RegEx limitations

These regular expression (RegEx) limitations could be encountered when using the SMAT database:

  • The circumflex "^" and dollar sign "$" metacharacters could incorrectly match in the middle of the message if the target pattern matches at the start or end of a 1024-byte block.
  • The pipe "|" metacharacter might not match correctly when the match happens at the end of a 1024-byte block.

    For example, the pattern 1234|3789 does not match subject string ABC123789 if ABC123 ends at a 1024-byte block and 789 continues into the next byte block. This is because the character 3 happens in both sub-patterns 1234 and 3789 and the match is at a block boundary.
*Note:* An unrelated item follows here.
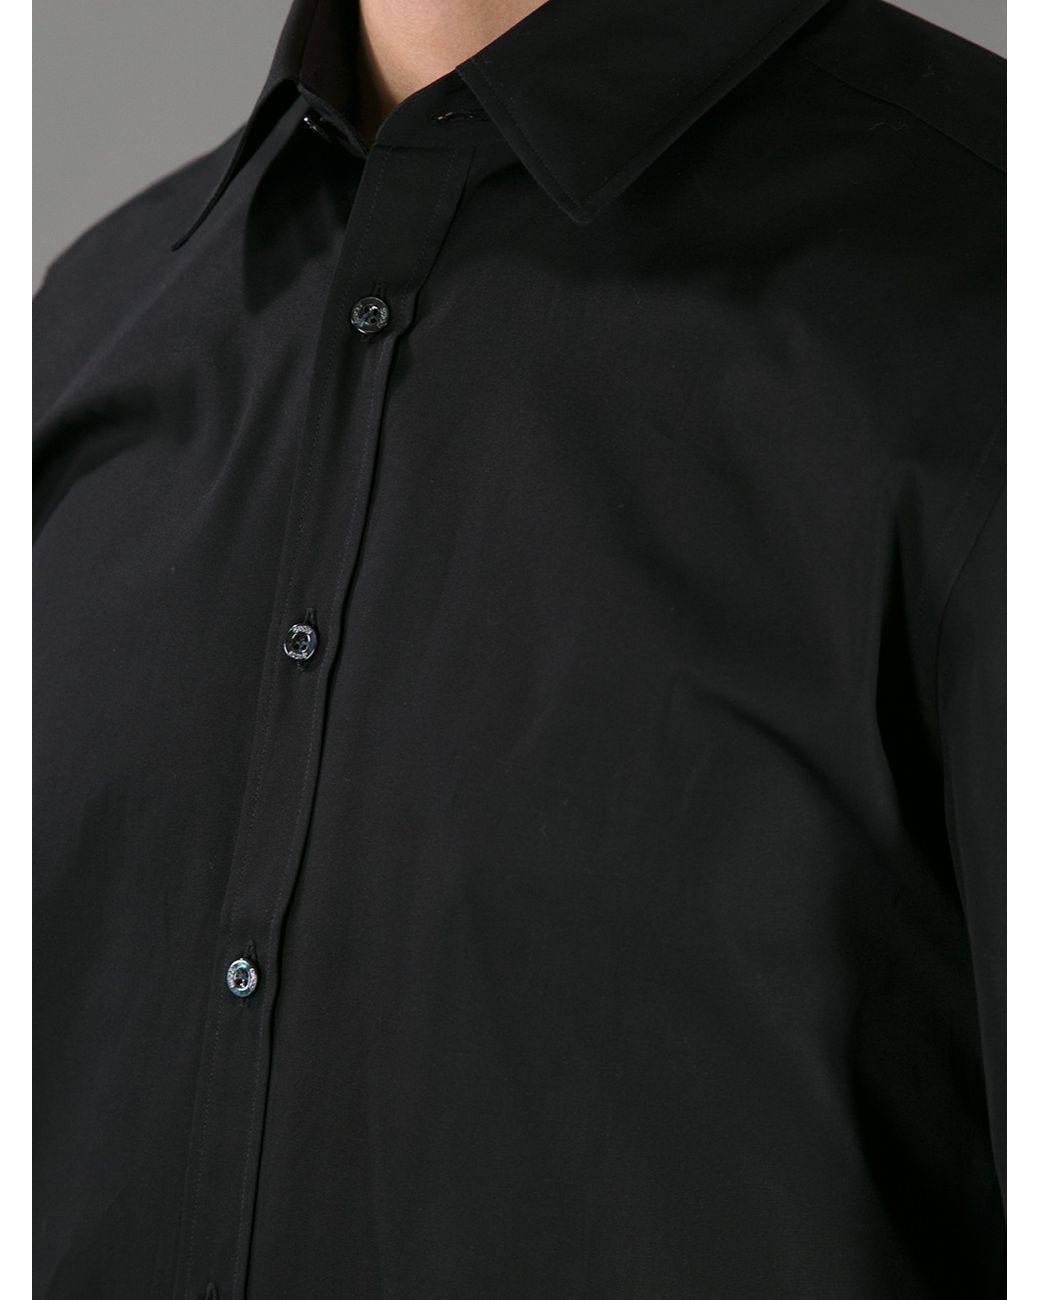 Mens Designer Clothes, GUCCI Men's Button Front Dress Shirt in Black #0355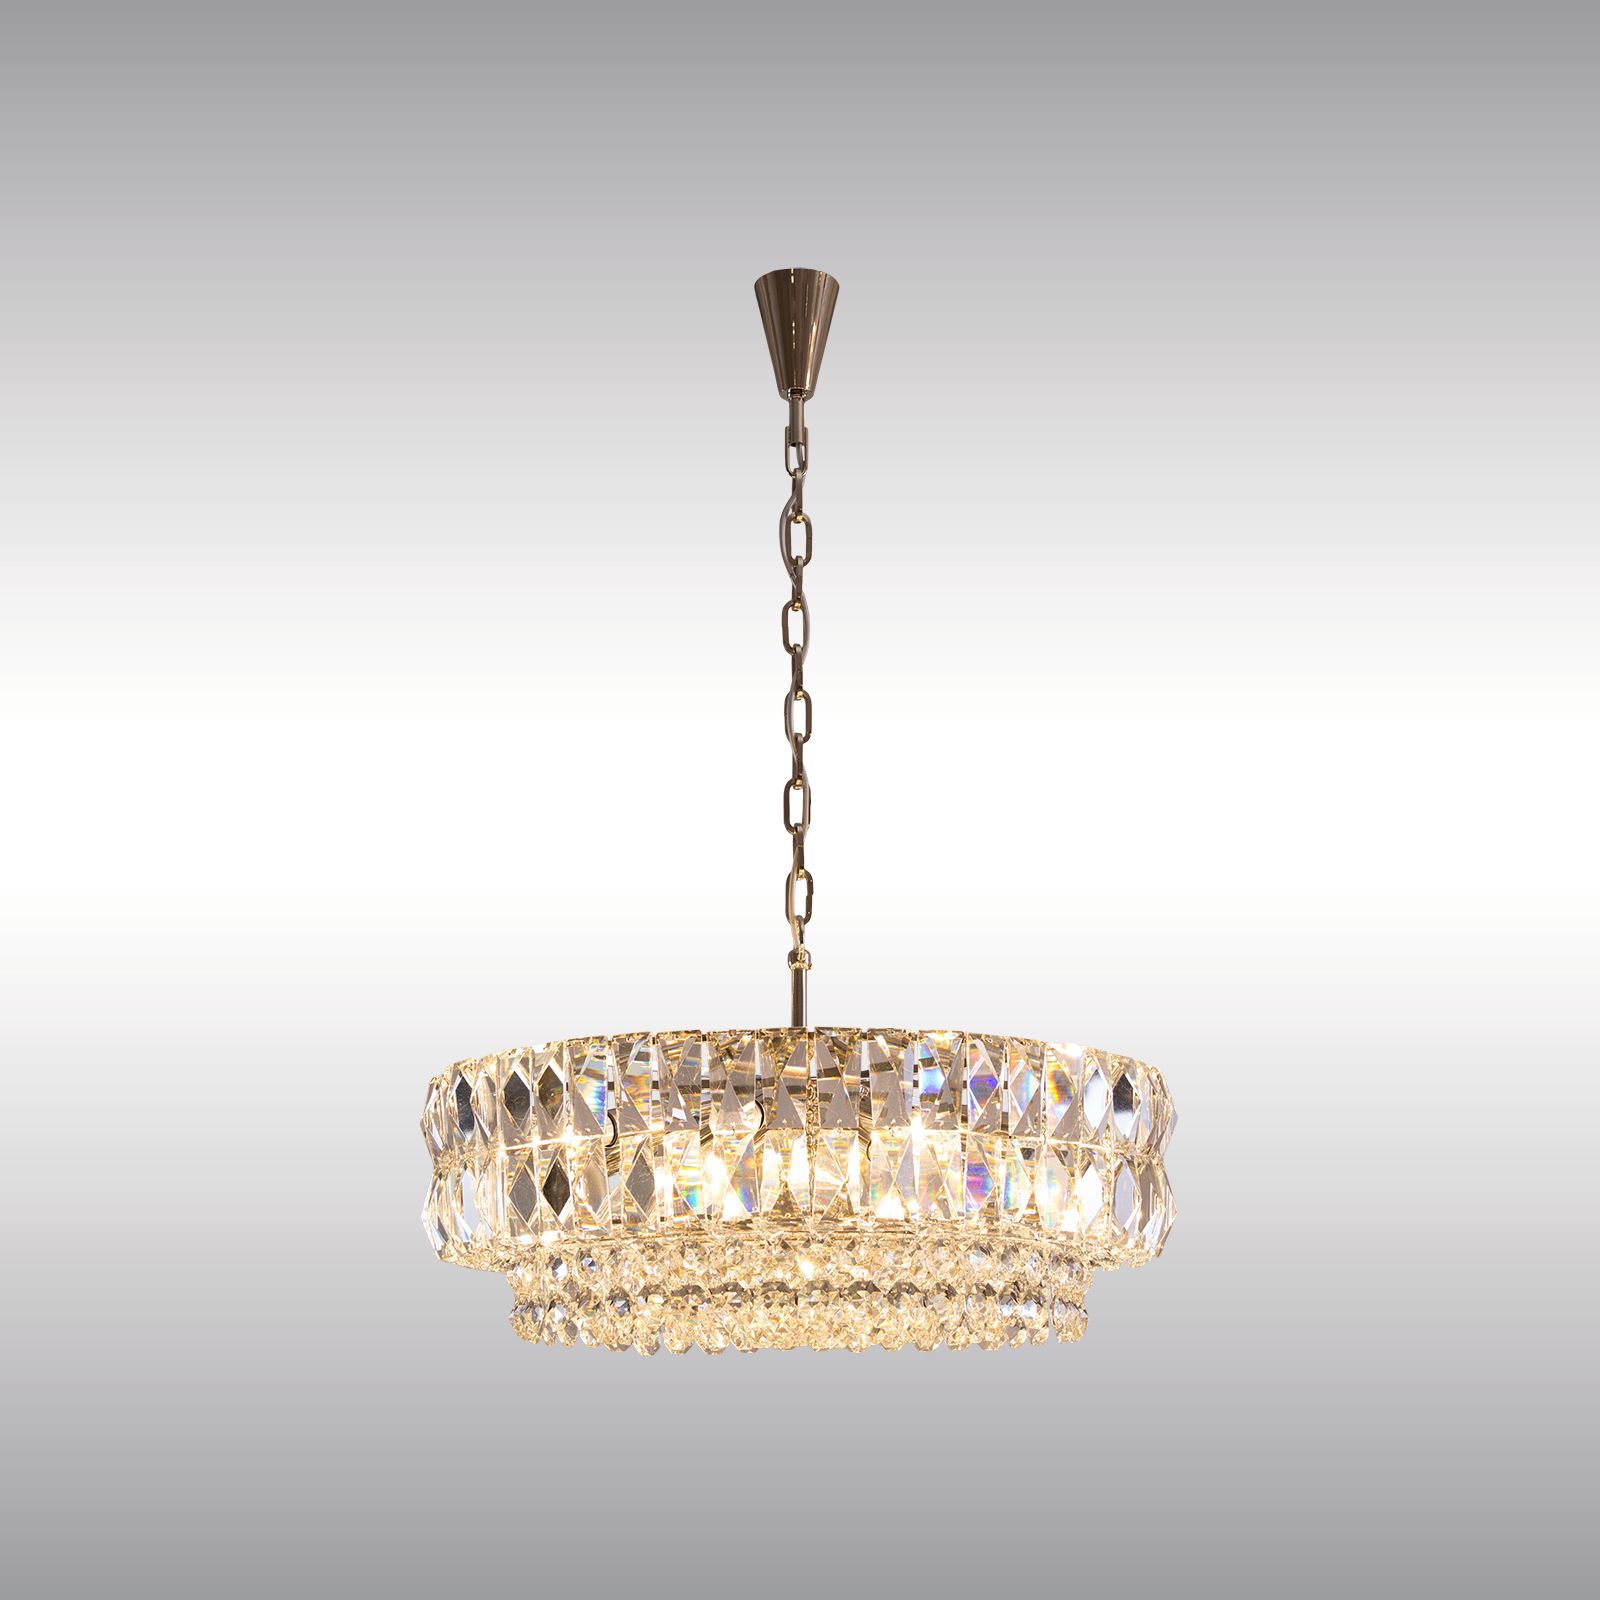 WOKA LAMPS VIENNA - OrderNr.: 80030|Brillian Crystal Chandelier - Design: Bakalowits

  • Capturing parenthesis and back references (including backward assertions \b or \B) are not supported, and if used could result in an engine crash.
  • \r\n can be used for searching new line on Windows, and \n can be used for UNIX.
  • SMAT encodings that are not supported by the ICU library are treated as UTF-8 strings for regex.
  • When the engine and IDE access the SMAT database simultaneously, this must be from the same system. Otherwise, database corruption could happen.

    This scenario is possible when a .smatdb file is present on a network file system (NFS), is being written to by the engine, and is read from another host by the IDE.

    Multiple IDEs accessing the same.smatdb file from several hosts is not an issue, unless the engine is writing to .smatdb.

Note: The encrypted SMAT database is tied to the site under which it was created. It is important to remember the site name for each .smatdb that was moved out of the site. For example, for archival purposes. All .smatdb files should be stored under the folder named by the site. If the site name is changed, then the .smatdb file created under the old site name does not work. Contact Support before undergoing such a scenario.